We hired 30 to 40 people between June 2023 and now who claimed to want to become a school bus driver. But only a half dozen or so finished the training. People just aren’t following through. Now, as I’m going through the training, I see why.
I have been interested in getting a commercial driver’s license for several years, as the driver-shortage problem started to accelerate. I started the training three weeks ago. I’ll complete it in eight weeks, best-case scenario.
The first wave of the training involves 14 hours, or a couple of days of classroom training. Most folks finish that. Once you finish classroom training, you have to prep for the permit tests. There are four separate tests required to acquire a commercial driver’s license with school bus permission. That really is the challenge.
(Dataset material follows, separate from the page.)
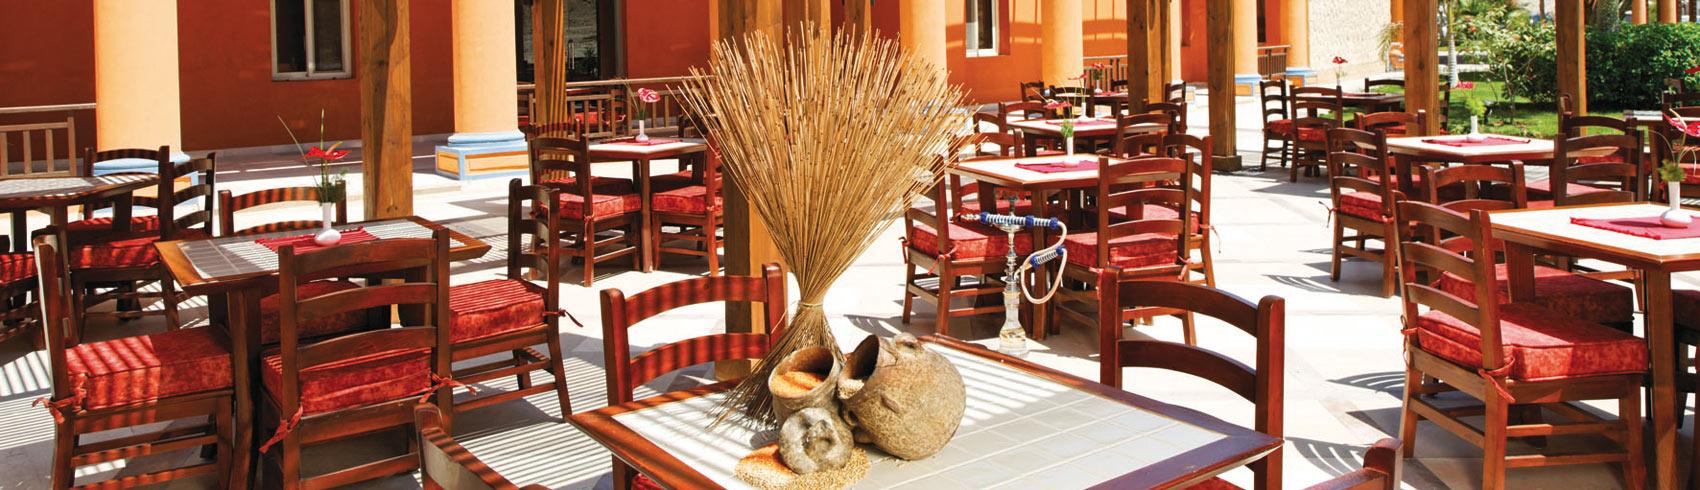 Mövenpick Resort El Sokhna image9

These tests require you to have a lot of general knowledge about commercial vehicles that has nothing to do with school buses; for instance, one question involved knowing how to tie down loads on a flatbed truck.
Absorbing the fallout
Parents’ reaction to the bus-schedule disruptions have been mixed. Some will stand at a school board meeting and scream that I should do better. My response is: What am I missing? There’s no magic potion for fixing this stuff. Then there are some parents who have said to me, ‘What can I do to help? Who can I call?’ There also are other reactions. One parent said to me, ‘I understand the situation, but my child qualifies for free breakfast, and now he doesn’t get it because he’s not at school early enough.’ My heart breaks when I hear that.
Hopefully, the greatest skill I can provide as a superintendent is keeping an eye on the big picture. I never wanted to be a bus driver. I still don’t want to be a bus driver. But my goal in getting a commercial driver’s license is to make sure kids don’t get stranded at school.